ECOSTRESS-Based Analysis of Diurnal Urban Heat Island Intensity and Thermal Dynamics Across LCZ in Six Chinese Cities With Diverse Terrain and Elevation

• Published in: IEEE journal of selected topics in applied earth observations and remote sensing Vol. 18; pp. 15236 - 15248
• Main Authors: Wang, Jiaqi, Cui, Xiaoyu, Zhao, Feng, Huang, Meiqi, Guo, Yuexia, Wang, Qirui, Shao, Bo, Tong, Yindong
• Format: Journal Article
• Language: English
• Published: Piscataway IEEE 2025; The Institute of Electrical and Electronics Engineers, Inc. (IEEE)

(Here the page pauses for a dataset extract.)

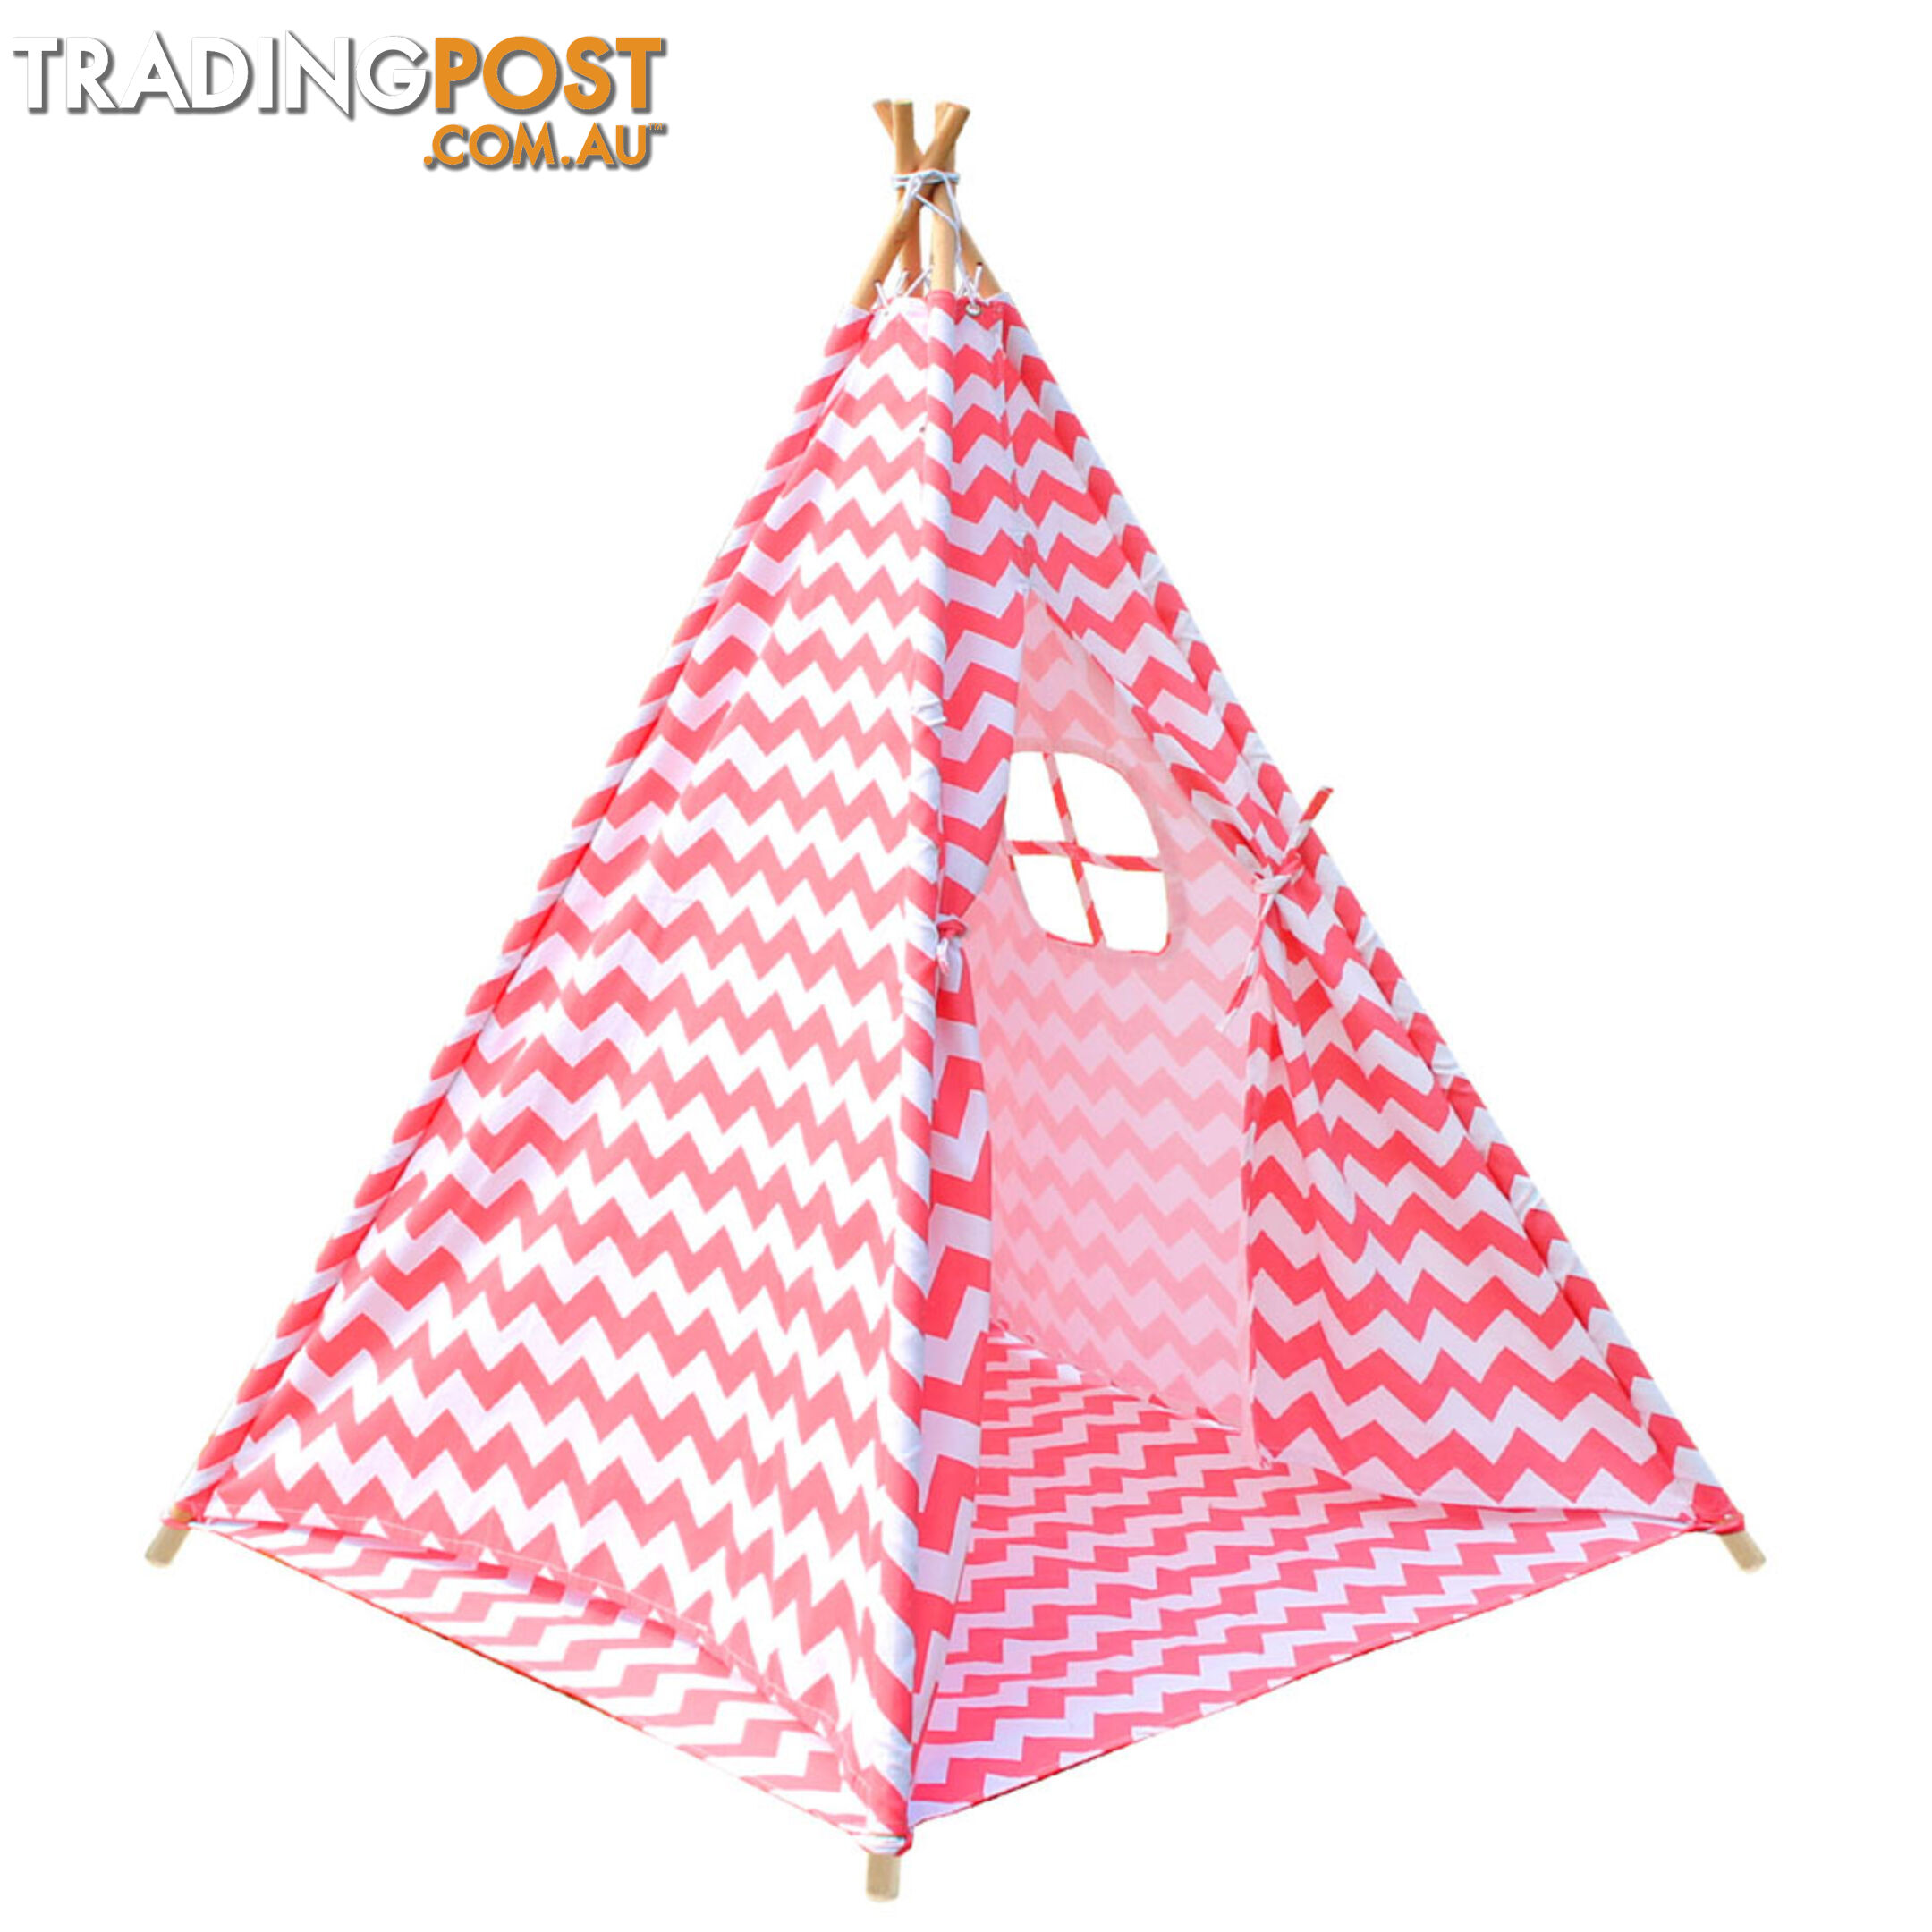 4 Poles Teepee Tent w/ Storage Bag Coral

• Subjects: Altitude; Buildings; Cities; Climate; Climate adaptation; Ecosystem spaceborne thermal radiometer experiment on space station (ECOSTRESS); Elevation; Environmental risk; Heat; Heat sinks; Heat sources; Heterogeneity; High altitude; High-altitude environments; inter-LCZ differences; intra-LCZ differences; Inversions; Land surface; Land surface temperature; land surface temperature (LST); local climate zone (LCZ); Meteorology; Night; Ocean temperature; Patchiness; Remote sensing; Spatial heterogeneity; Spatiotemporal phenomena; Surface topography; Surface treatment; surface urban heat island intensity (SUHII); Temperature distribution; Terrain; Thermal pollution; Thermal stress; Thermodynamic properties; three steps of China’s terrain; Urban areas; Urban heat islands; Urban structures
• ISSN: 1939-1404; 2151-1535
• DOI: 10.1109/JSTARS.2025.3574573

Urban surface heterogeneity leads to significant variability in temperature distribution, complicating the measurement of surface urban heat island intensity (SUHII) and the development of thermal stress mitigation strategies. This study utilizes high spatiotemporal resolution thermal infrared remote sensing data ECOSTRESS and local climate zone (LCZ) classification to analyze SUHII changes at 60 time points in six cities in China with different terrains and elevations in May to September, comparing both inter-LCZ and intra-LCZ differences. The findings indicate that SUHII is strongest at night and weakest at noon, with the peak of spatial heterogeneity occurring around 15:00 and the minimum around 9:00. Cities near 35°N (Xining, Xi'an, and Jinan) exhibit stronger nocturnal heat islands, while high-altitude cities, such as Xigaze (3835 m), demonstrate unique thermal inversions, transitioning from daytime heat sinks to nighttime heat sources. Compact buildings generally experience higher SUHII than open buildings, while vegetation and water bodies act as heat sinks during the day and heat sources at night. Notably, LCZs in high-altitude cities also exhibit inverse thermal behavior. The results enhance the understanding of urban heat island dynamics and emphasize the role of terrain, elevation, and urban structure in managing urban heat and adapting to climate risks.